Negosiasi Perang Dagang Picu Harga Minyak Kembali Melonjak

CNN Indonesia | Kamis, 21/02/2019 08:01 WIB
Negosiasi Perang Dagang Picu Harga Minyak Kembali Melonjak Ilustrasi. (REUTERS/Sergei Karpukhin).
Jakarta, CNN Indonesia -- Harga minyak mentah naik sekitar 1 persen ke level tertinggi 2019 pada perdagangan Rabu (20/2), waktu Amerika Serikat (AS). Penguatan disebabkan oleh harapan terhadap keseimbangan pasar minyak dunia bakal terjadi tahun ini.

Dilansir dari Reuters, Kamis (21/2), harga minyak mentah berjangka Brent naik sebesar US$0,63 atau 0,95 persen menjadi US$67,08 per barel.

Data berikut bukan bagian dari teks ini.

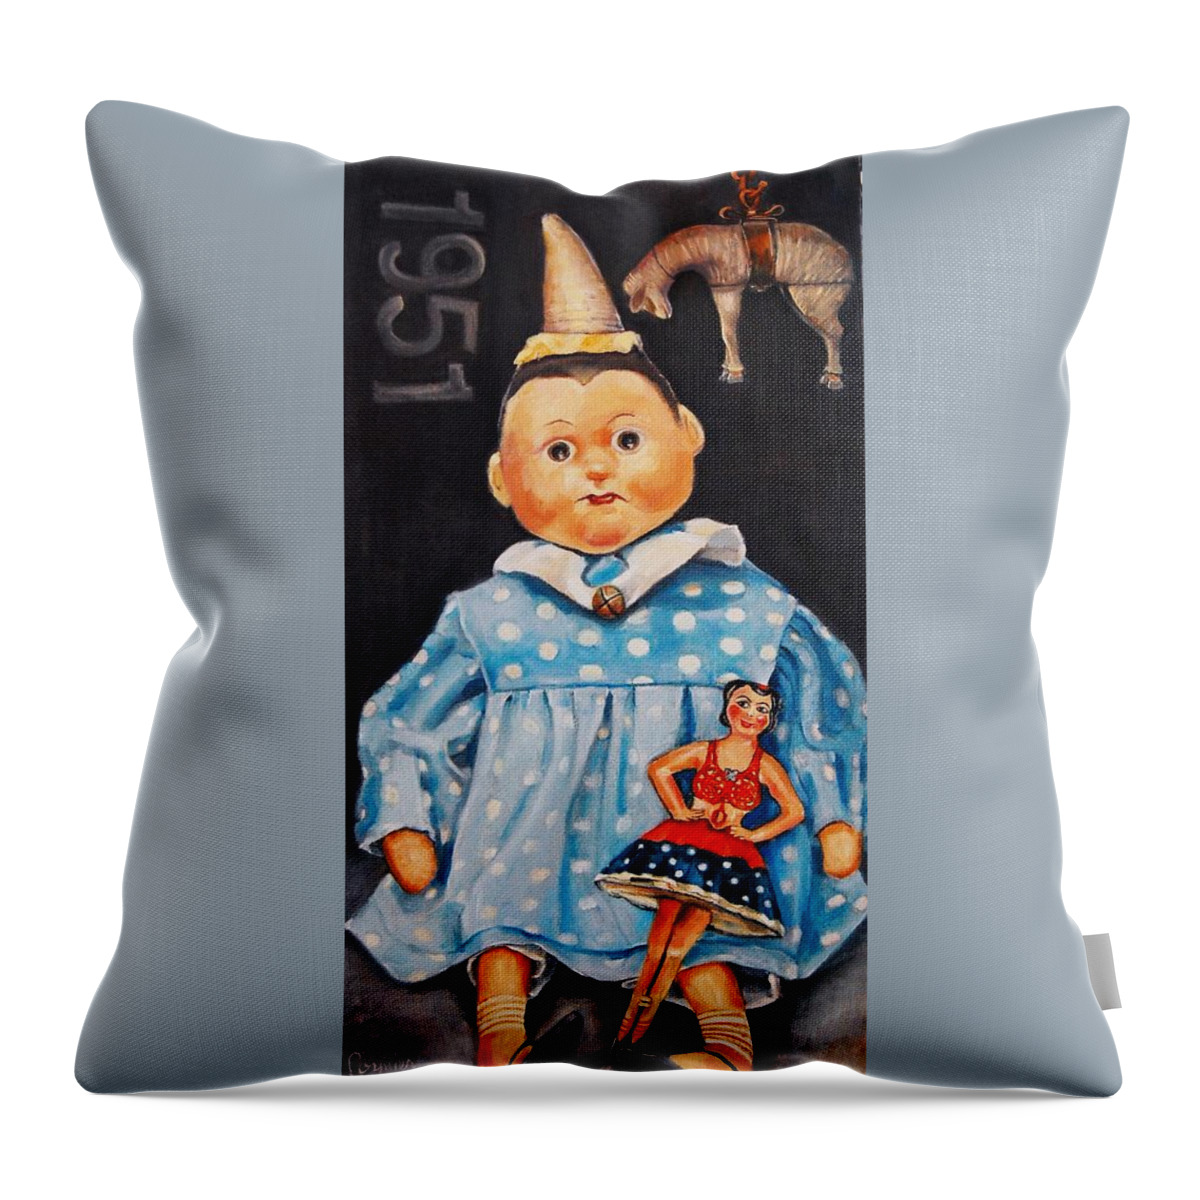 Doll Throw Pillow featuring the painting Tiny Dancer by Jean Cormier
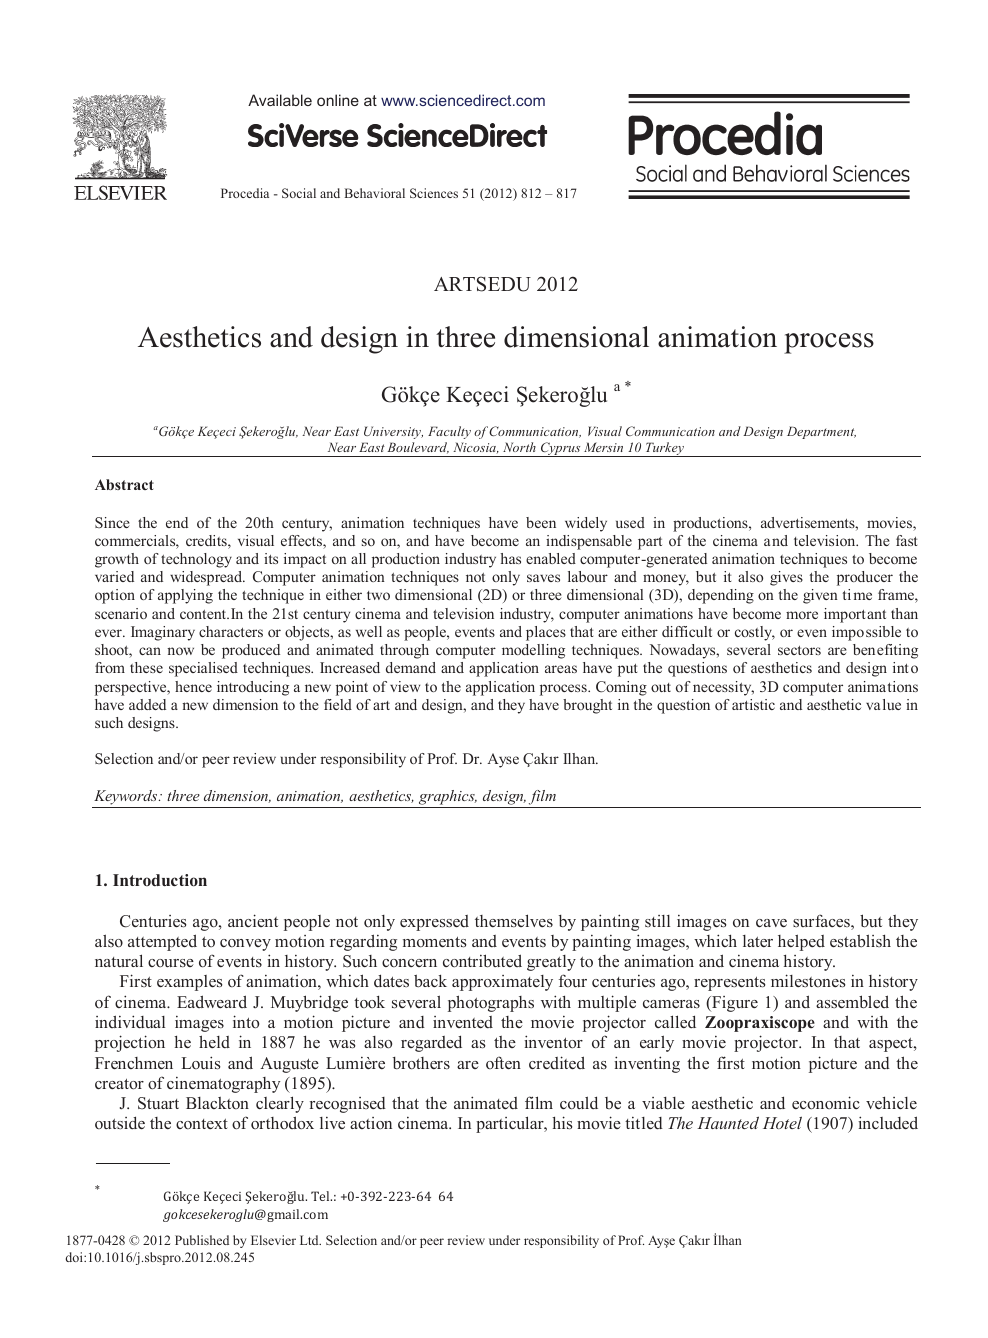 Aesthetics and Design in Three Dimensional Animation Process – topic of research  paper in Computer and information sciences. Download scholarly article PDF  and read for free on CyberLeninka open science hub.

Kemudian, harga minyak mentah AS West Texas Intermediate (WTI) untuk pengiriman Maret naik US$0,83 atau 1,48 persen menjadi US$56,92 per barel. Kontrak minyak WTI untuk pengiriman April yang lebih aktif naik US0,71 atau 1,38 persen menjadi US$57,16 per barel.


Pada awal sesi perdagangan, ketakutan pasar terhadap berjalannya negosiasi perdagangan antara AS dan China telah menekan harga minyak. Namun, sentimen pasar berbalik setelah menangkap sinyal kemajuan dari pembicaraan perdagangan tersebut pada Rabu (20/2) kemarin. Sinyal tersebut memperkuat pasar modal secara umum.


Presiden AS Donald Trump menyatakan negosiasi dengan China berjalan lancar. Trump juga mengindikasikan bakal memperpanjang tenggat waktu penyelesaiannya lebih lama dari sebelumnya pada 1 Maret 2019. Sebelumnya, jika kedua belah pihak tidak bisa mencapai kata sepakat paling lambat 1 Maret 2019, AS bakal mengerek tarif impor dari 10 persen menjadi 25 persen terhadap produk China senilai US$200 miliar.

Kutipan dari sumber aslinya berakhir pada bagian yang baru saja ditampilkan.